Canadian-American astronomer and writer (born 1948)

David Howard (Doveed) Levy (born May 22, 1948) is a Canadian-American amateur astronomer, science writer, and discoverer of comets and minor planets. He is best known for co-discovering Comet Shoemaker–Levy 9 in 1993, which collided with Jupiter in 1994 in the first observed planetary-scale impact in the Solar System.

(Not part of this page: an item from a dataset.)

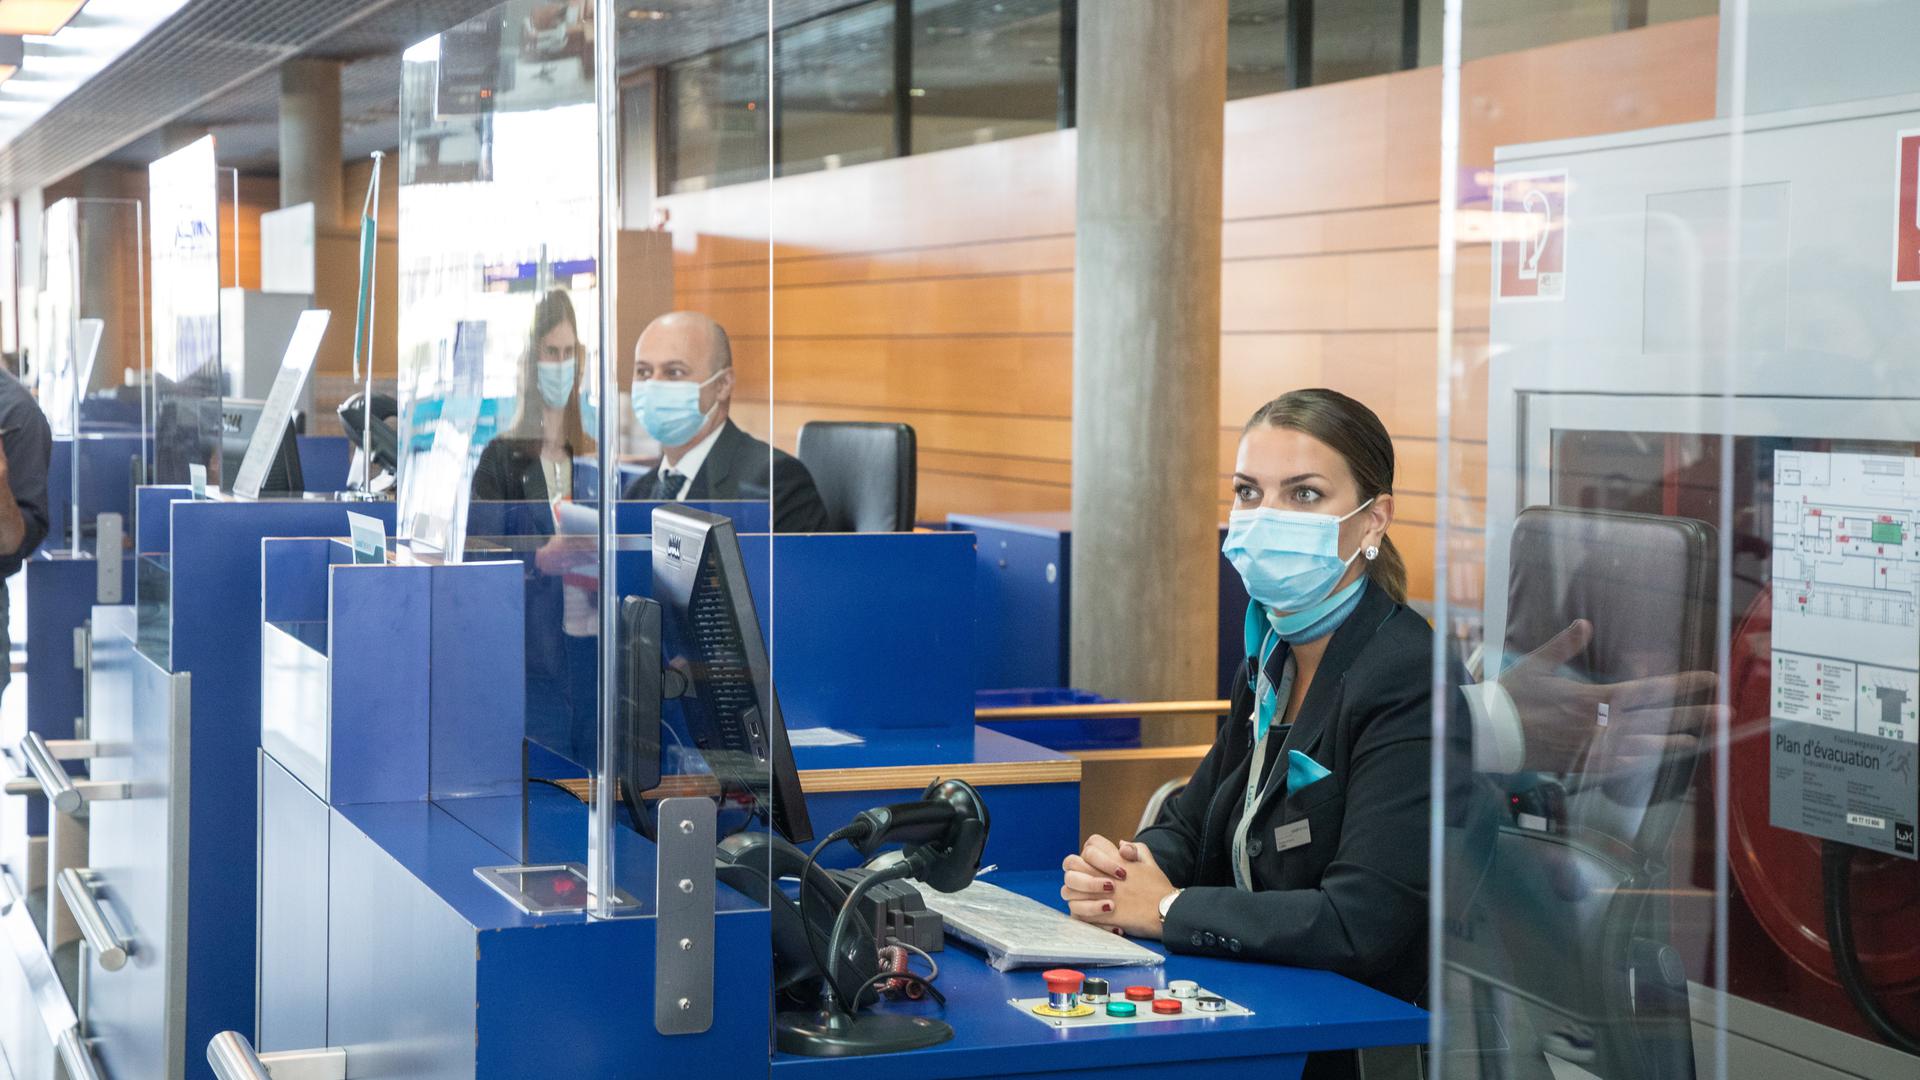 Luxair staff at Luxembourg airport during the 2020 Covid-19 pandemic

==Early life and education==
Levy was born in Montreal, Quebec, Canada, in 1948. He developed an interest in astronomy at an early age but initially pursued literary studies, earning a Bachelor of Arts and a Master of Arts in English literature from Acadia University and Queen's University at Kingston, respectively.

On February 28, 2011, Levy was awarded a Ph.D. from the Hebrew University of Jerusalem for his thesis "The Sky in Early Modern English Literature: A Study of Allusions to Celestial Events in Elizabethan and Jacobean Writing, 1572–1620."

==Career==

===Astronomy===
Levy has discovered or co-discovered 23 comets, either independently or in collaboration with Gene and Carolyn Shoemaker. He co-discovered the first Mars Trojan asteroid, 5261 Eureka, with Henry E. Holt in June 1990. In total, he has been credited with the discovery of 61 minor planets.

Starting in 2015, Levy began donating his observing logs—kept continuously since 1956—his personal journals dating from 1958, and his comet search records since 1965 to the Linda Hall Library of Science in Kansas City. The observing records are also available online through the Royal Astronomical Society of Canada.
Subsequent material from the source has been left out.